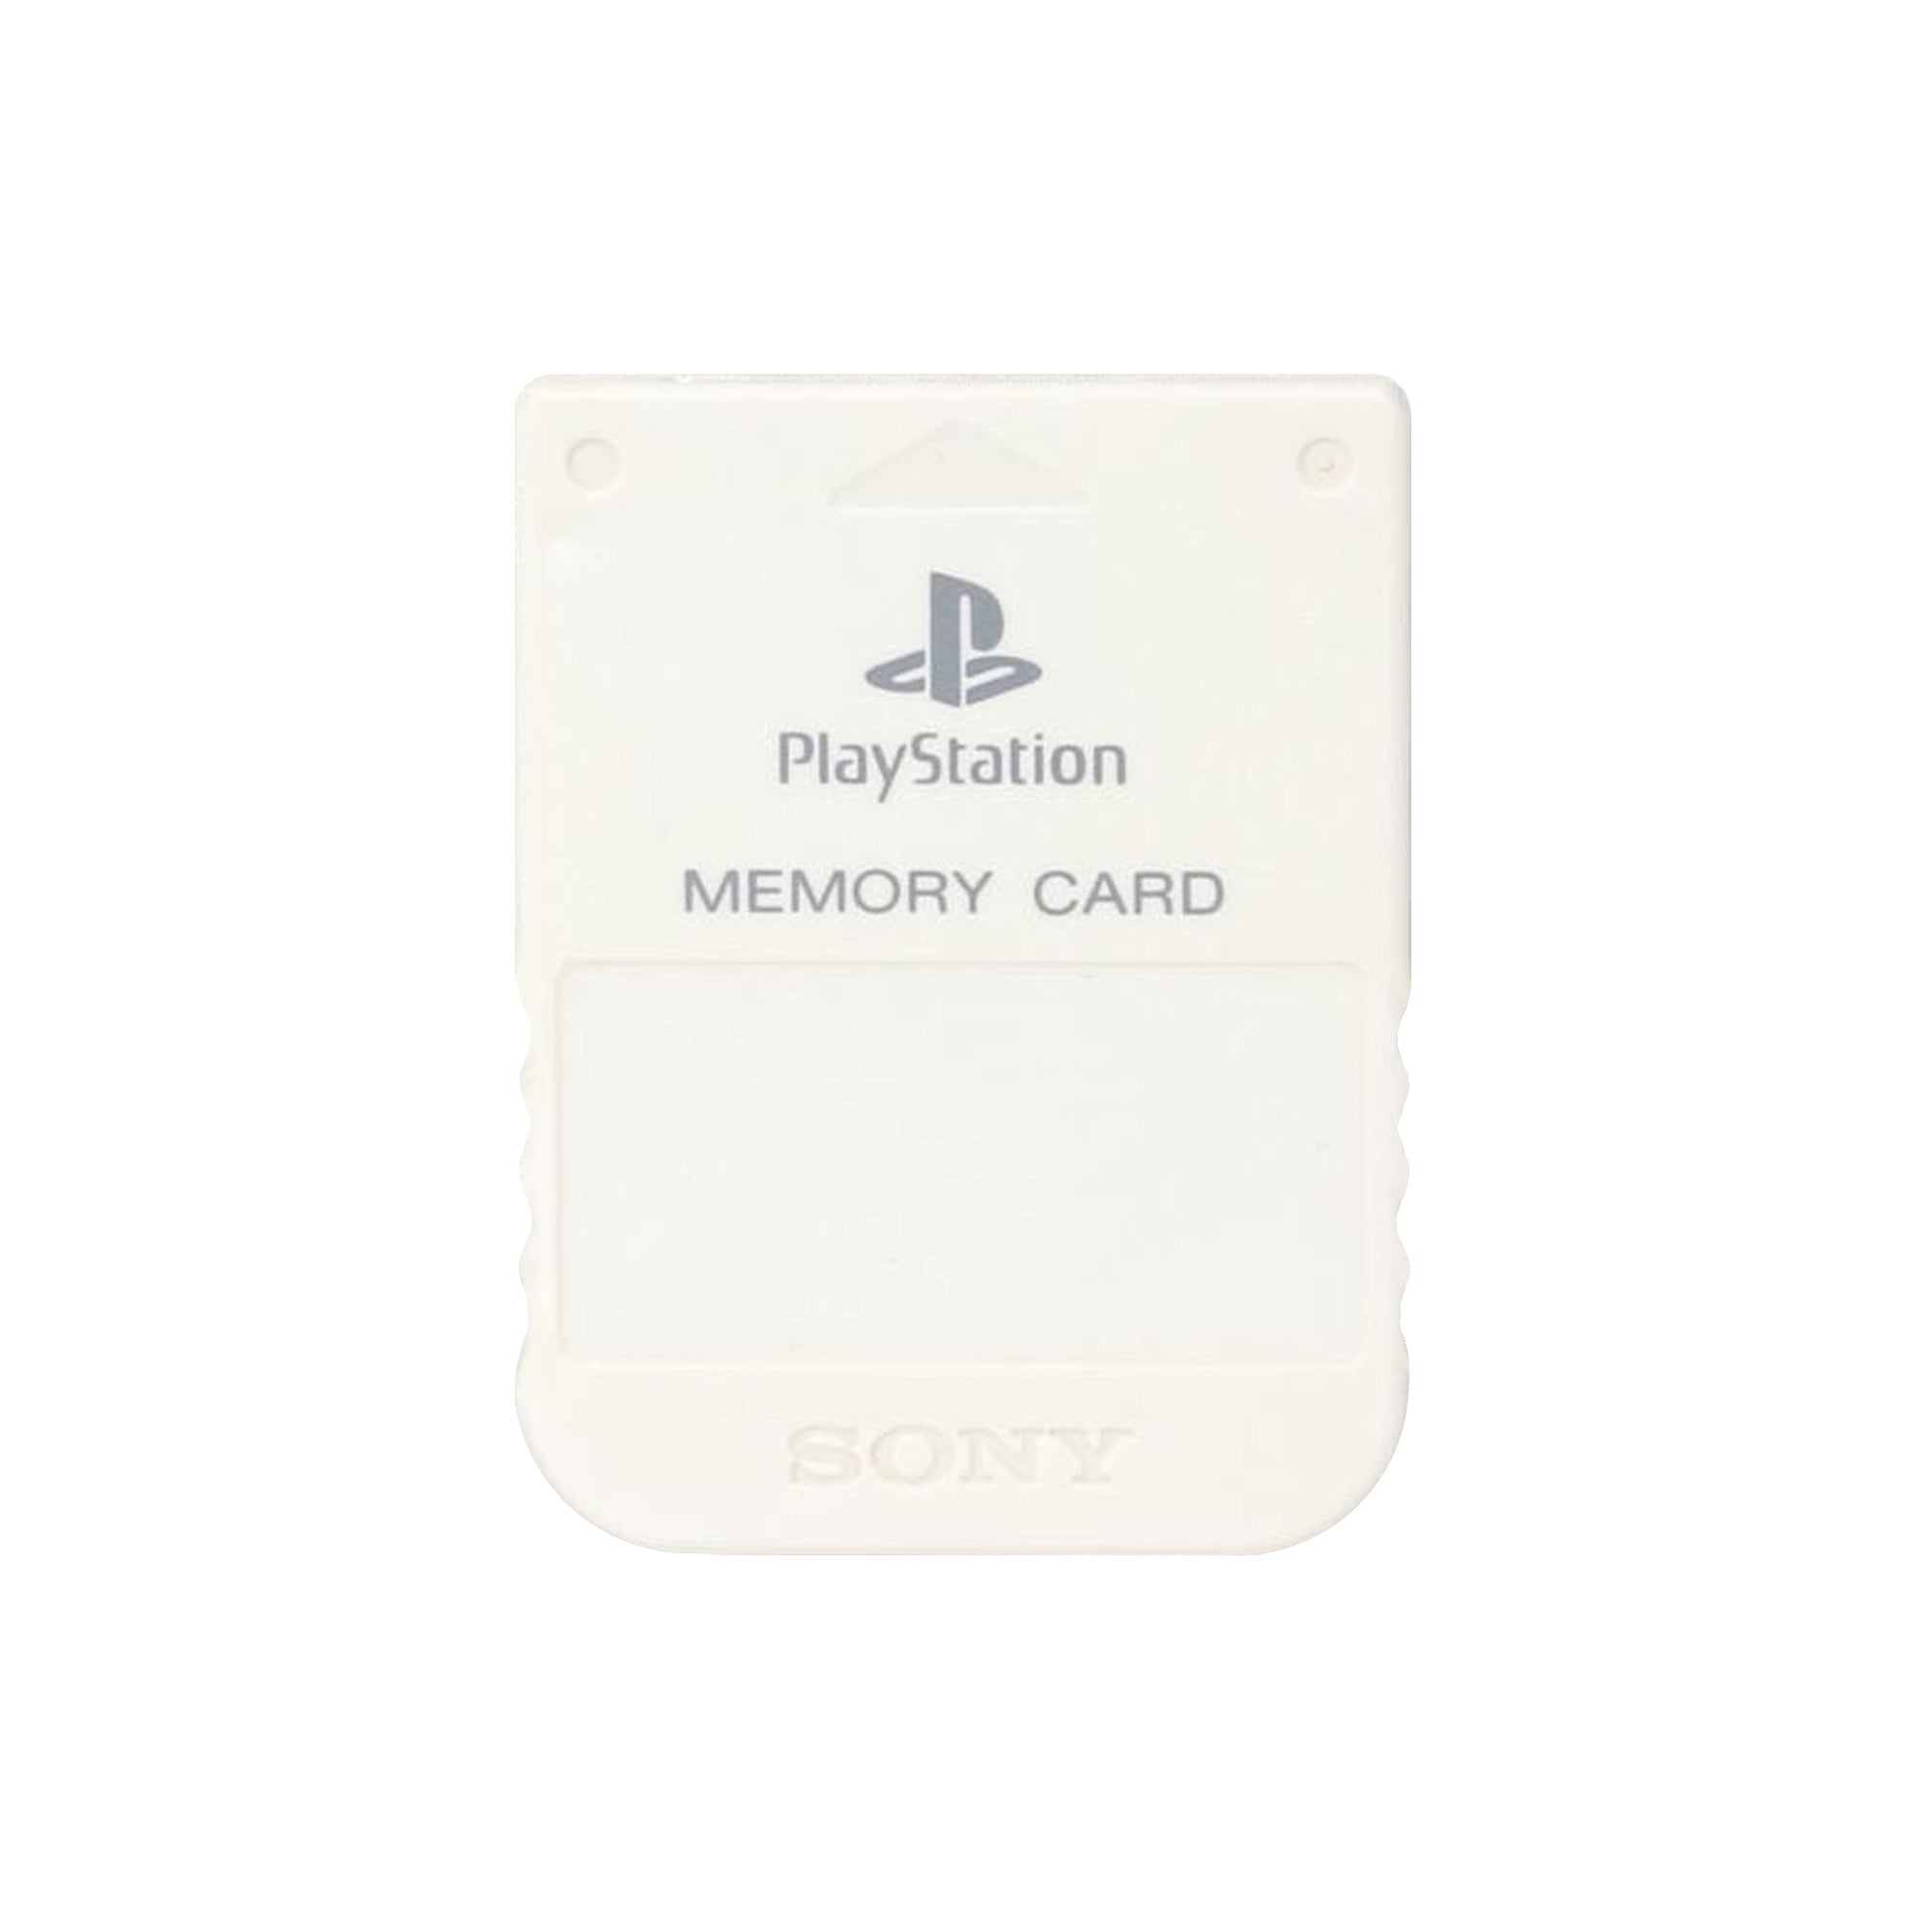 Sony PlayStation 1 Memory Card - White - YourGamingShop.com - Buy, Sell, Trade Video Games Online. 120 Day Warranty. Satisfaction Guaranteed.
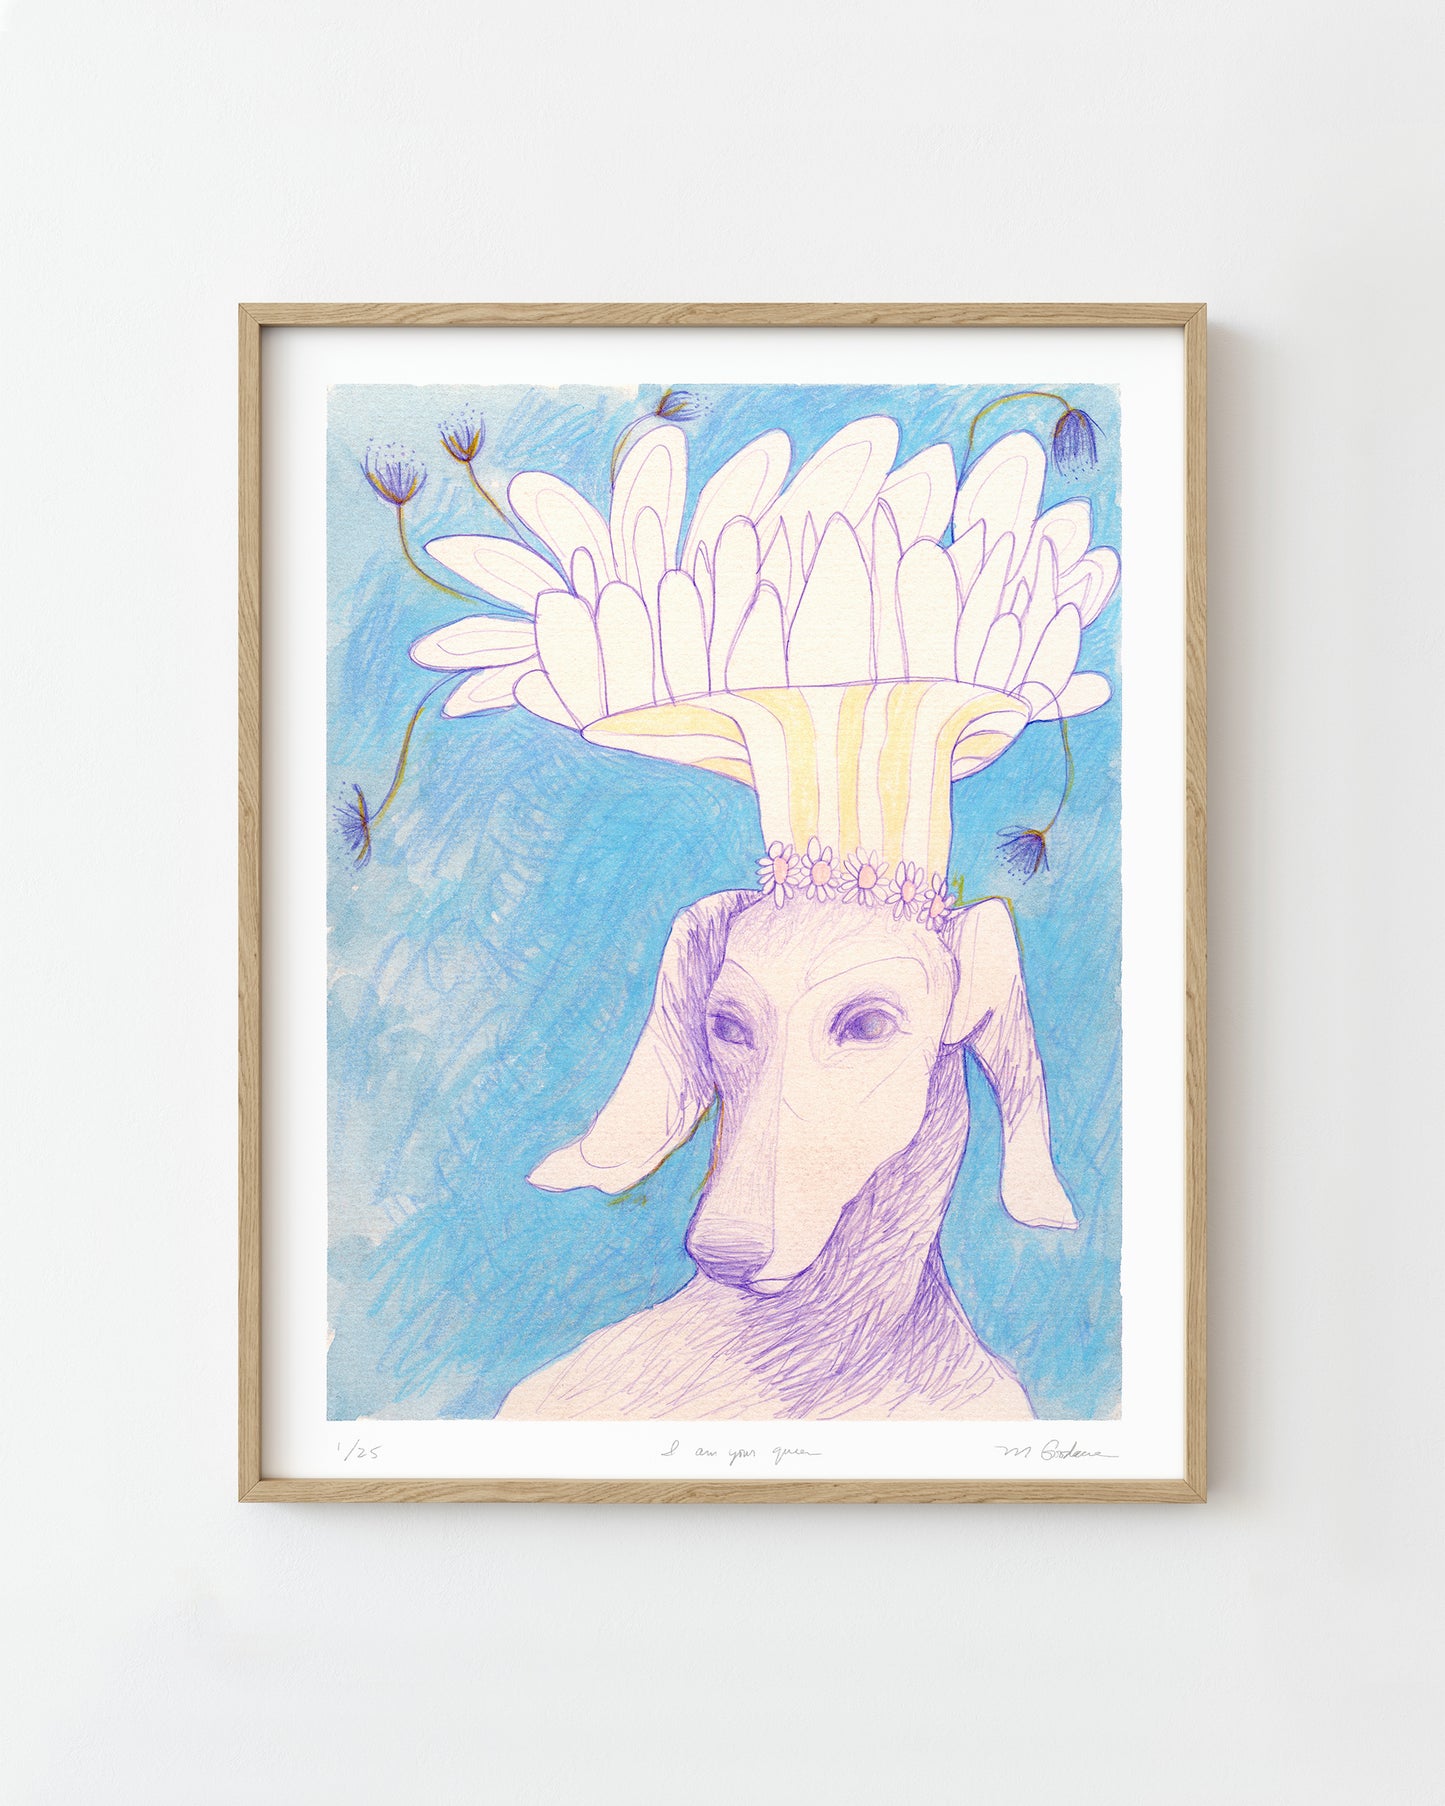 Framed semi-abstract drawing of a greyhound wearing a crown of flowers.
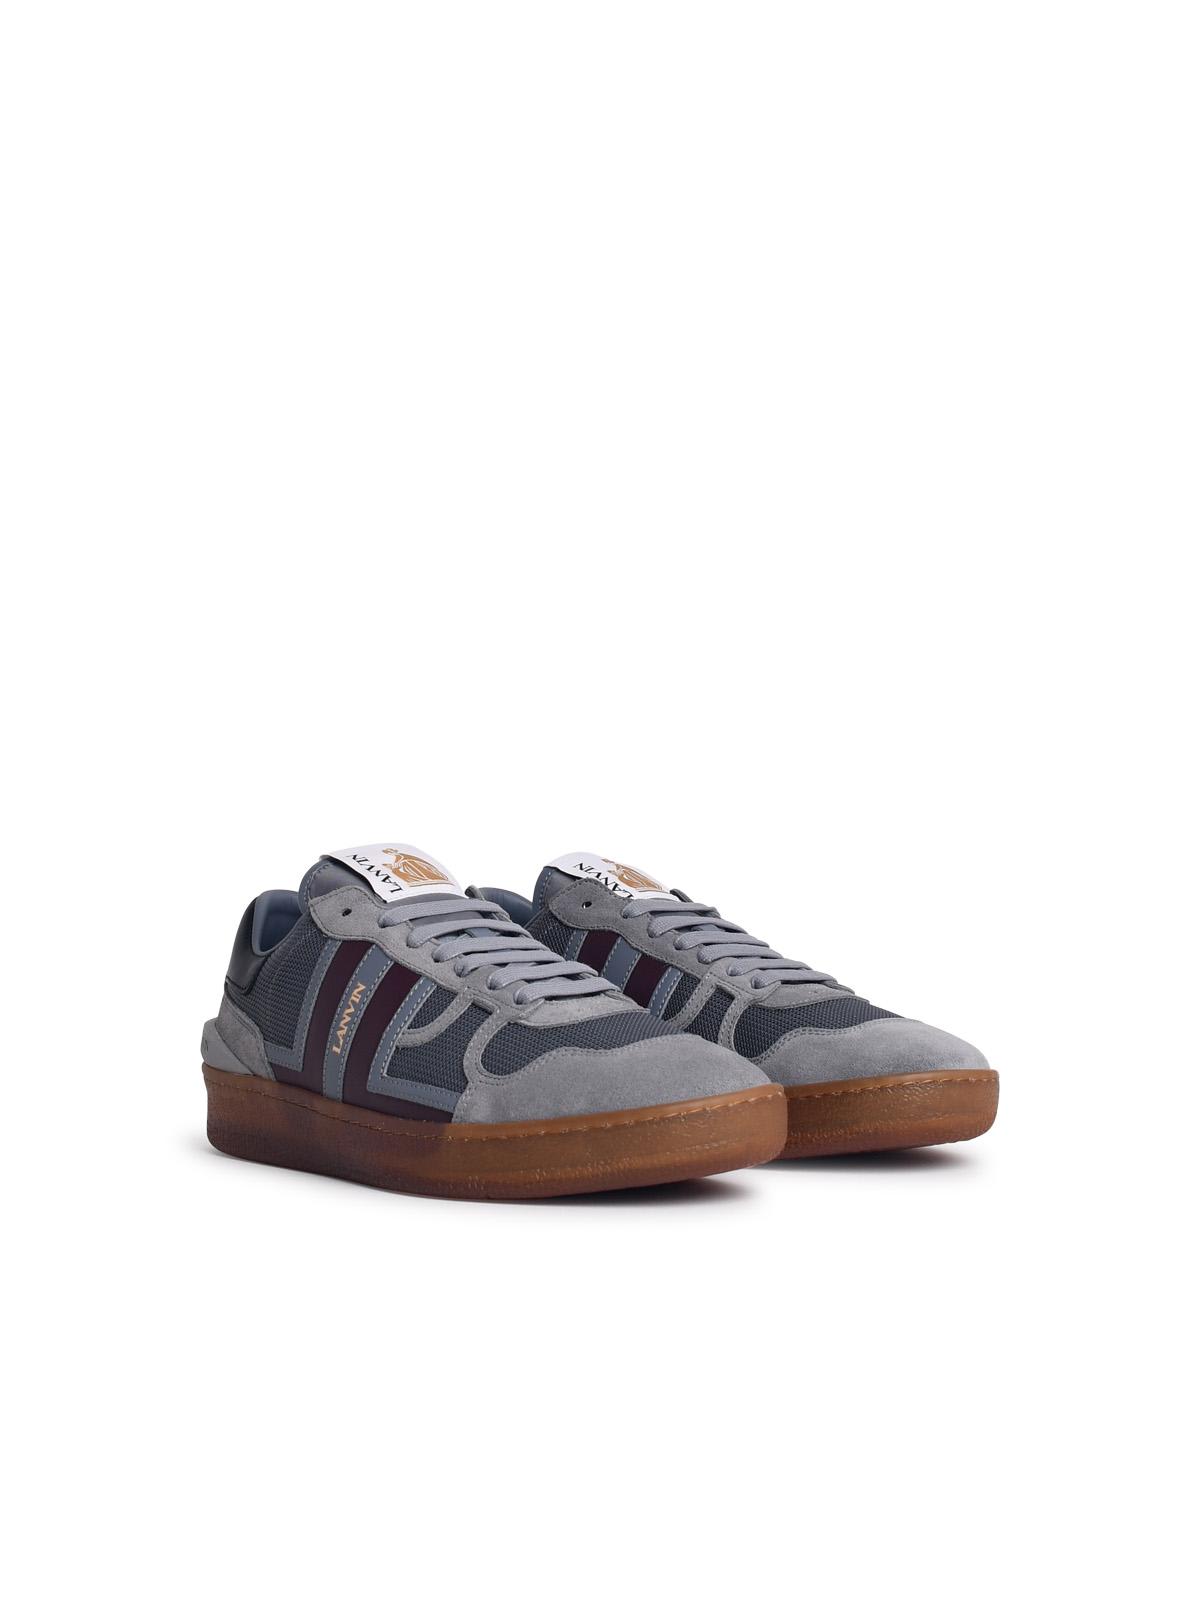 Lanvin Clay Grey Leather Blend Sneakers
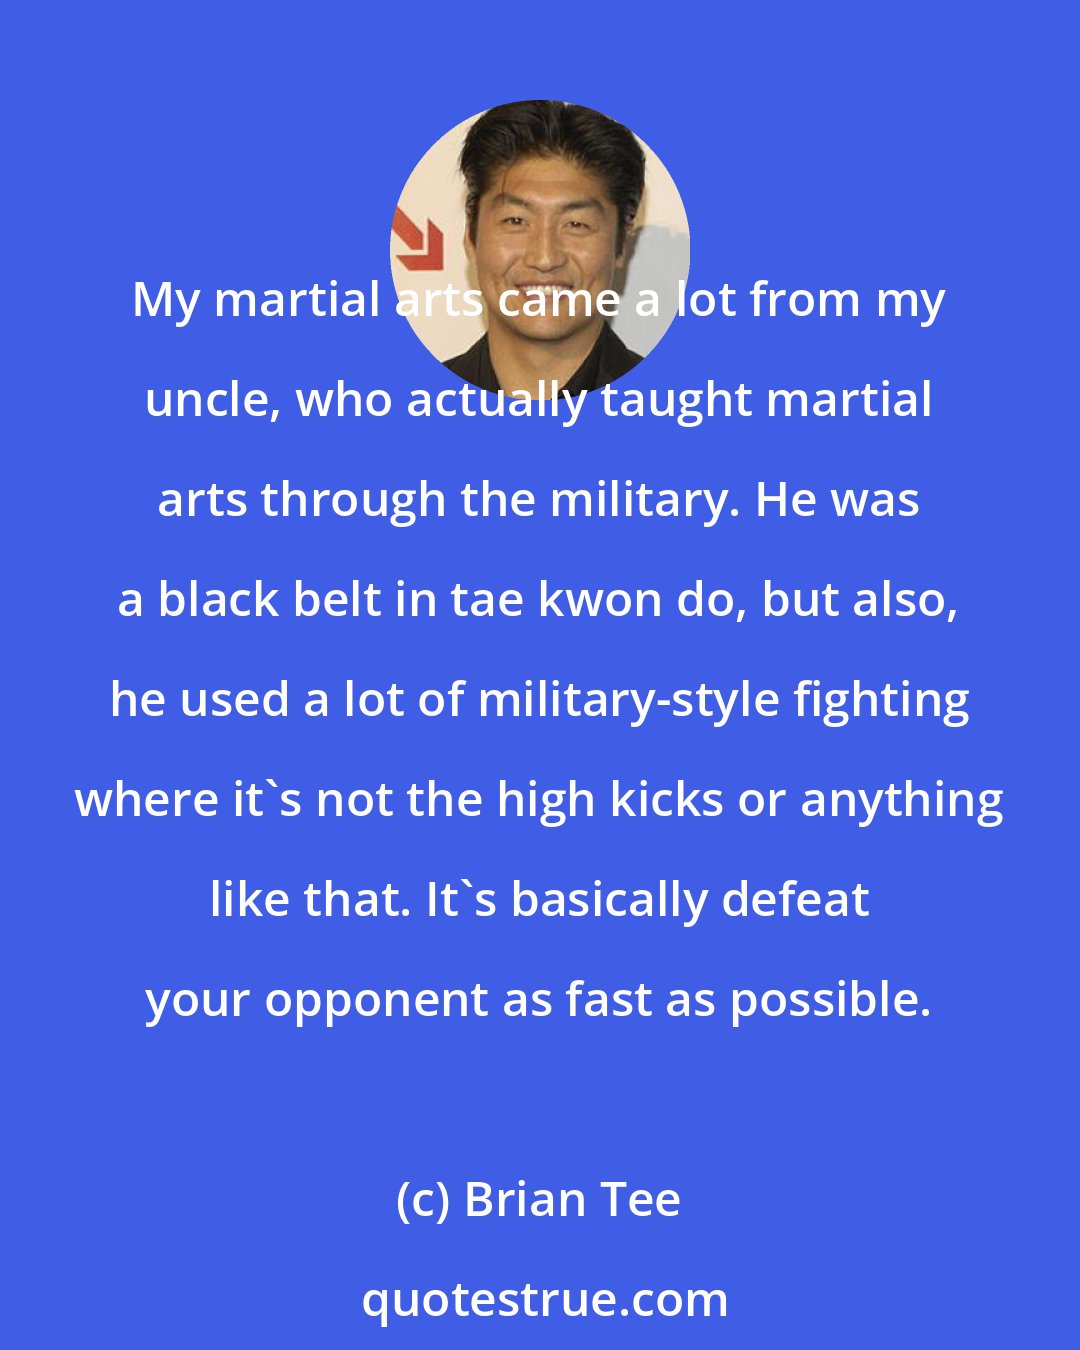 Brian Tee: My martial arts came a lot from my uncle, who actually taught martial arts through the military. He was a black belt in tae kwon do, but also, he used a lot of military-style fighting where it's not the high kicks or anything like that. It's basically defeat your opponent as fast as possible.

WHAT YOU NEED TO DO: Pictures stay out; everything else in the listing above gets restated word for word.

ANSWER FOR THE TASK:
 Sony PlayStation 1 Memory Card - White - YourGamingShop.com - Buy, Sell, Trade Video Games Online. 120 Day Warranty. Satisfaction Guaranteed.
 Framed semi-abstract drawing of a greyhound wearing a crown of flowers.
 Lanvin Clay Grey Leather Blend Sneakers
 Brian Tee: My martial arts came a lot from my uncle, who actually taught martial arts through the military. He was a black belt in tae kwon do, but also, he used a lot of military-style fighting where it's not the high kicks or anything like that. It's basically defeat your opponent as fast as possible.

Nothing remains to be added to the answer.